The spatial trajectories generated by the traditional A* algorithm and the CFA* algorithm are identical, so only the diagram of the CFA* algorithm is shown. As can be seen from Figure 6, the trajectories planned by both the traditional A algorithm and the CFA* algorithm have lower costs, but they are near obstacles and do not consider the ground risk related to population density, failing to avoid areas with higher population density on the map, which can lead to high-risk operation. As shown in Figure 7, the diagram illustrates the optimization process of the local stage algorithm. The yellow square represents the starting point, and the yellow star represents the endpoint.
Table 1 encompasses the evaluation metrics of the two-stage air logistics transportation trajectory planning algorithm, the CFA* algorithm, and the conventional A* algorithm. Specifically, it includes risk value, trajectory distance, planning time, the average delay time, and whether conflicts occur. The risk value is defined as the sum of collision risk and ground risk values across the entire trajectory. From Table 1, it can be observed that the two-stage air logistics transportation trajectory planning algorithm proposed in this paper reduces the risk value by 80.82% compared to both the CFA* algorithm and the traditional A* algorithm. However, compared to the CFA* and A* algorithms, this algorithm increases some additional planning time. Nevertheless, considering the substantial improvement in safety, the increased planning time is deemed acceptable. Additionally, the CFA* algorithm exhibits a delay in arrival time, while the A* algorithm results in conflicts between two UAVs.
After simulation and comparative experiments, the results indicate that the method proposed in this paper can achieve the goal of replanning without secondary conflicts while preserving the global initial flight plan. Moreover, compared to the CFA* and A* algorithms, it can effectively reduce collision risk and ground risk with only a slight increase in trajectory distance and planning time.
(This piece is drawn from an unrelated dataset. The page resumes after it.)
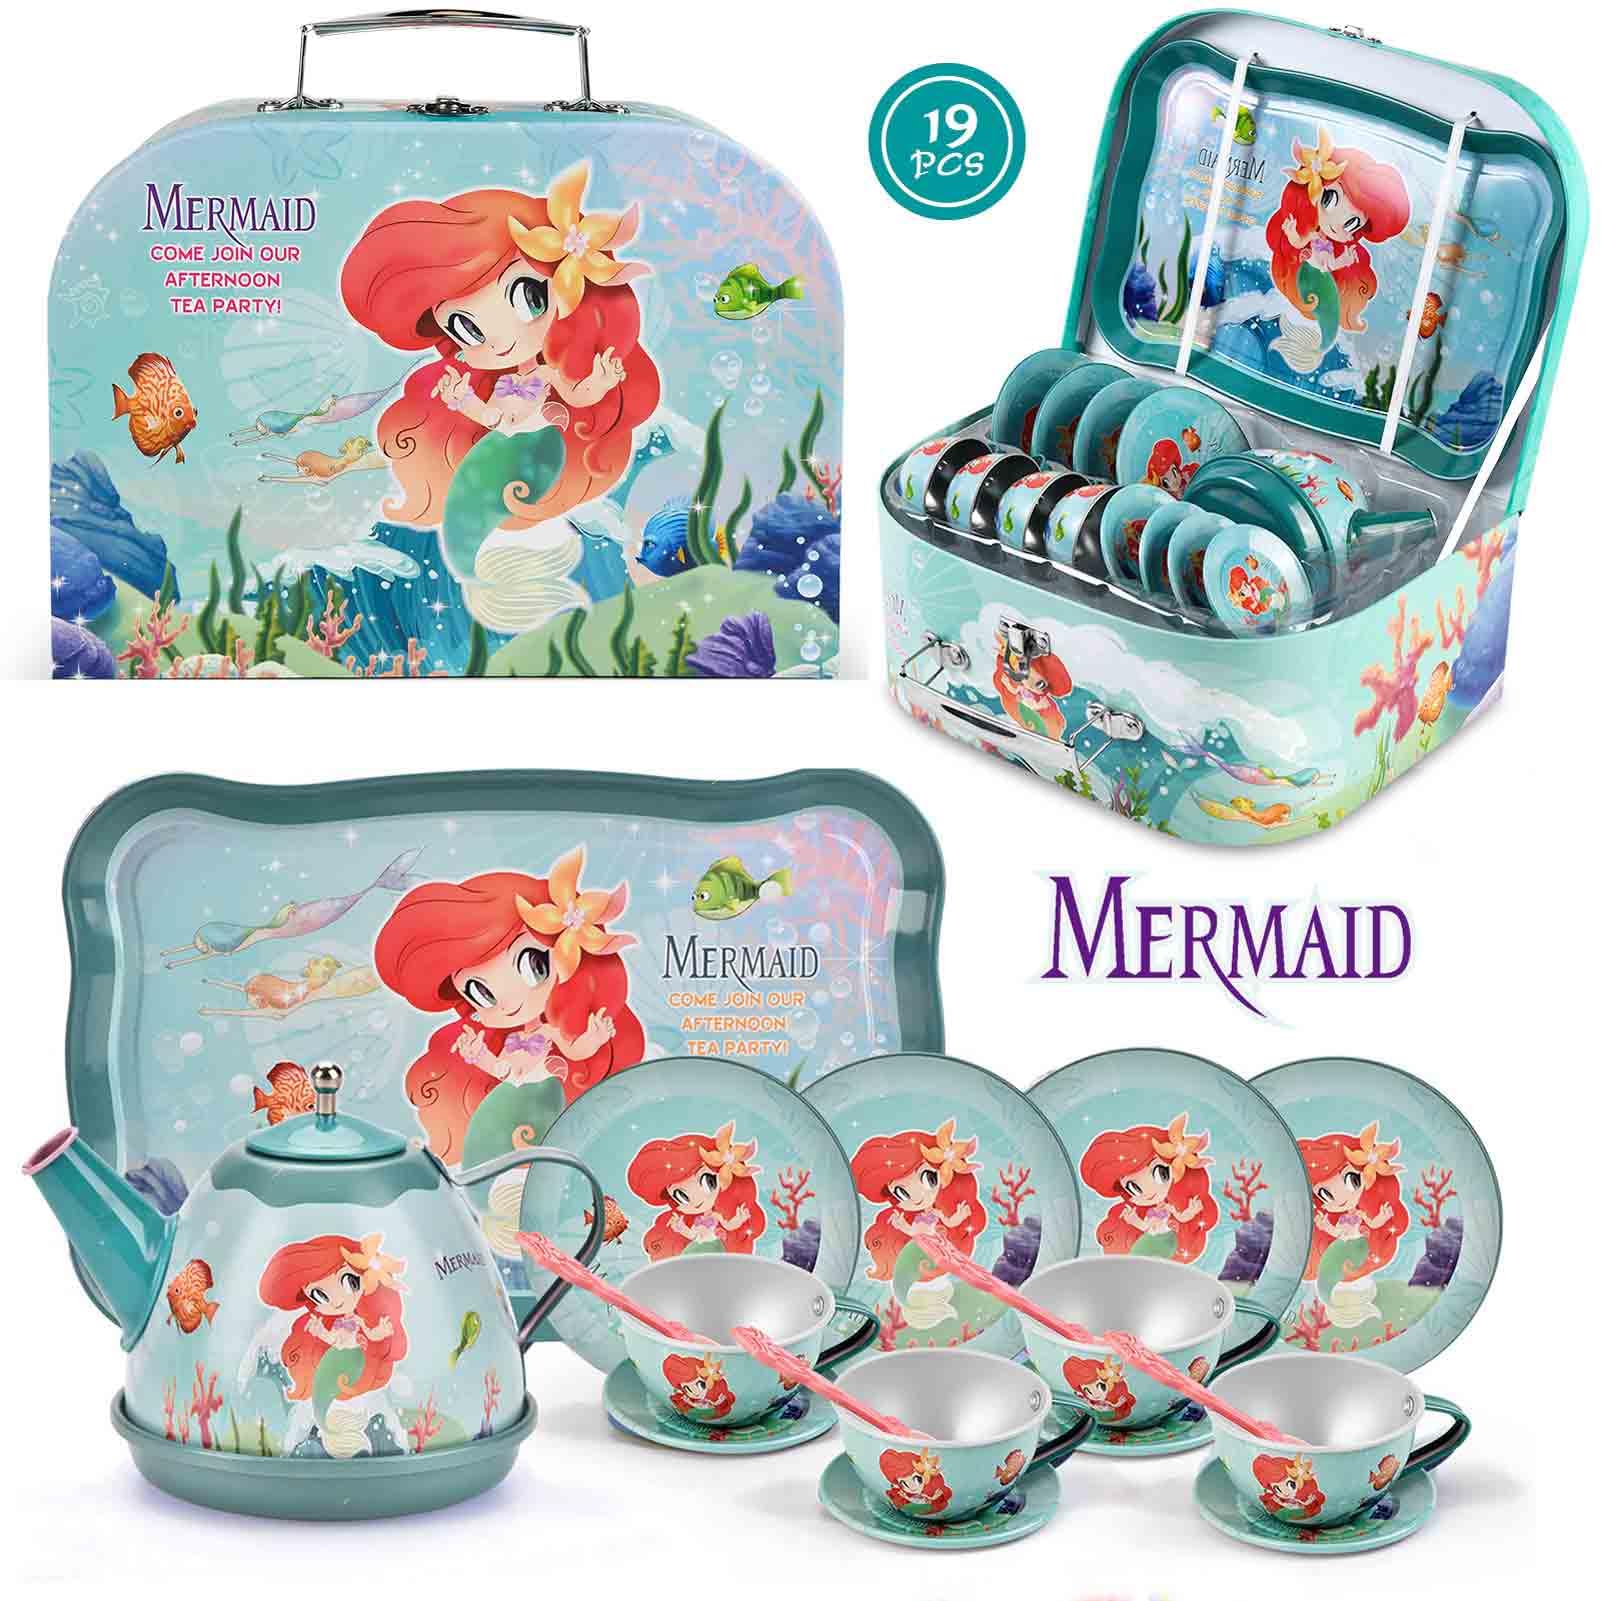 Lajeje Mermaid Tea Party Set for Little Girls, Kids Party Set Toys for 3 4 5 6 Year Old Girls, Pretend Toy Tin Tea Set & Carrying Case, Princess Tea Time Kitchen Play Toys, Birthday Gifts for Girls

6.2. Case Study of Low-Risk Global Planning

This case will compare the effectiveness of RAGPM and traditional CFA* algorithms in global planning capabilities. The scenario is still set to an urban VLL scenario, with a map size of 100 m × 100 m × 100 m and a grid size of 10 m. The starting point and end point of the two UAVs are the same. As shown in Table 2, the evaluation will be based on the following indicators: the trajectory distance, the risk value of collision risk, the risk value of ground risk, and the risk value of overall risk.
As can be seen from Table 2, the two trajectory planning methods, RAGPM and CFA*, exhibit significant differences in trajectory distance, collision risk, ground risk, and overall risk. Although the CFA* method performs slightly better in trajectory distance, with a reduction of approximately 27.3% compared to RAGPM, RAGPM demonstrates lower risk levels in collision risk, ground risk, and overall risk, with reductions of approximately 38.1%, 65.1%, and 52.2% compared to the CFA* method, respectively. Figure 8 showcases the trajectories planned by RAGPM and A* in a risk grid under visualization conditions.

6.3. Case Study of Non-Secondary Conflict Local Replanning

We use the same environment as Section 6.1, and for the replanning case, the point (20,35,20) is set as the replanning starting point, and the point (26,31,22) is set as the replanning target point. The results of the proposed algorithm in local replanning are shown in Figure 9. In Figure 9, the yellow square represents the starting point, and the yellow star represents the endpoint.
As evident from the simulation result depicted in Figure 9, the trajectory planned by NCLPM significantly deviates from that of CFA*. When conflicts arise between two UAVs in both spatial and temporal dimensions, the waypoints immediately preceding the local replanning and NCLPM are used to replan the conflicting trajectory. The blue line in the figure represents the replanned trajectory, which clearly exhibits a replanning solution for the local conflict. In Figure 9, a conflict occurs between UAV-0 and UAV-1 from UAV-1′s waypoint 2 to waypoint 4. If the CFA* method is adopted, where the conflicting UAV is made to wait, it will arrive at waypoint 4 at time t 5 and subsequently create a secondary conflict with UAV-2, which also arrives at waypoint 5 at time t 6 . In contrast, after re-planning based on ETA using the NCLPM, UAV-1 will arrive at waypoint 4 at time t 4 , in line with the original flight plan, and will not conflict with UAV-2 afterwards, significantly reducing the likelihood of subsequent trajectory conflicts with other UAVs.
In Table 3, UAVs of different flight densities were tested under the same scenario, and the corresponding delay times as well as whether secondary collisions occurred were recorded. Based on the results, as the flight density increases, both methods experience increased delay times. However, CFA* exhibits significantly more delay, while the delays for NCLPM remain roughly constant. Furthermore, as the delay time increases, CFA* can lead to secondary collisions. Meanwhile, the delay time of NCLPM is also reduced by 99.66–99.9% compared to CFA*.
Through simulation experiments, it can be found that both the CFA* algorithm and the NCLPM algorithm can avoid conflict points when conflicts occur between UAVs. On this basis, the NCLPM algorithm can not only guide the replanned UAV to reach the designated point within the specified time but also avoid the secondary conflicts that may arise from CFA*, thereby effectively improving the safety of the replanned trajectory.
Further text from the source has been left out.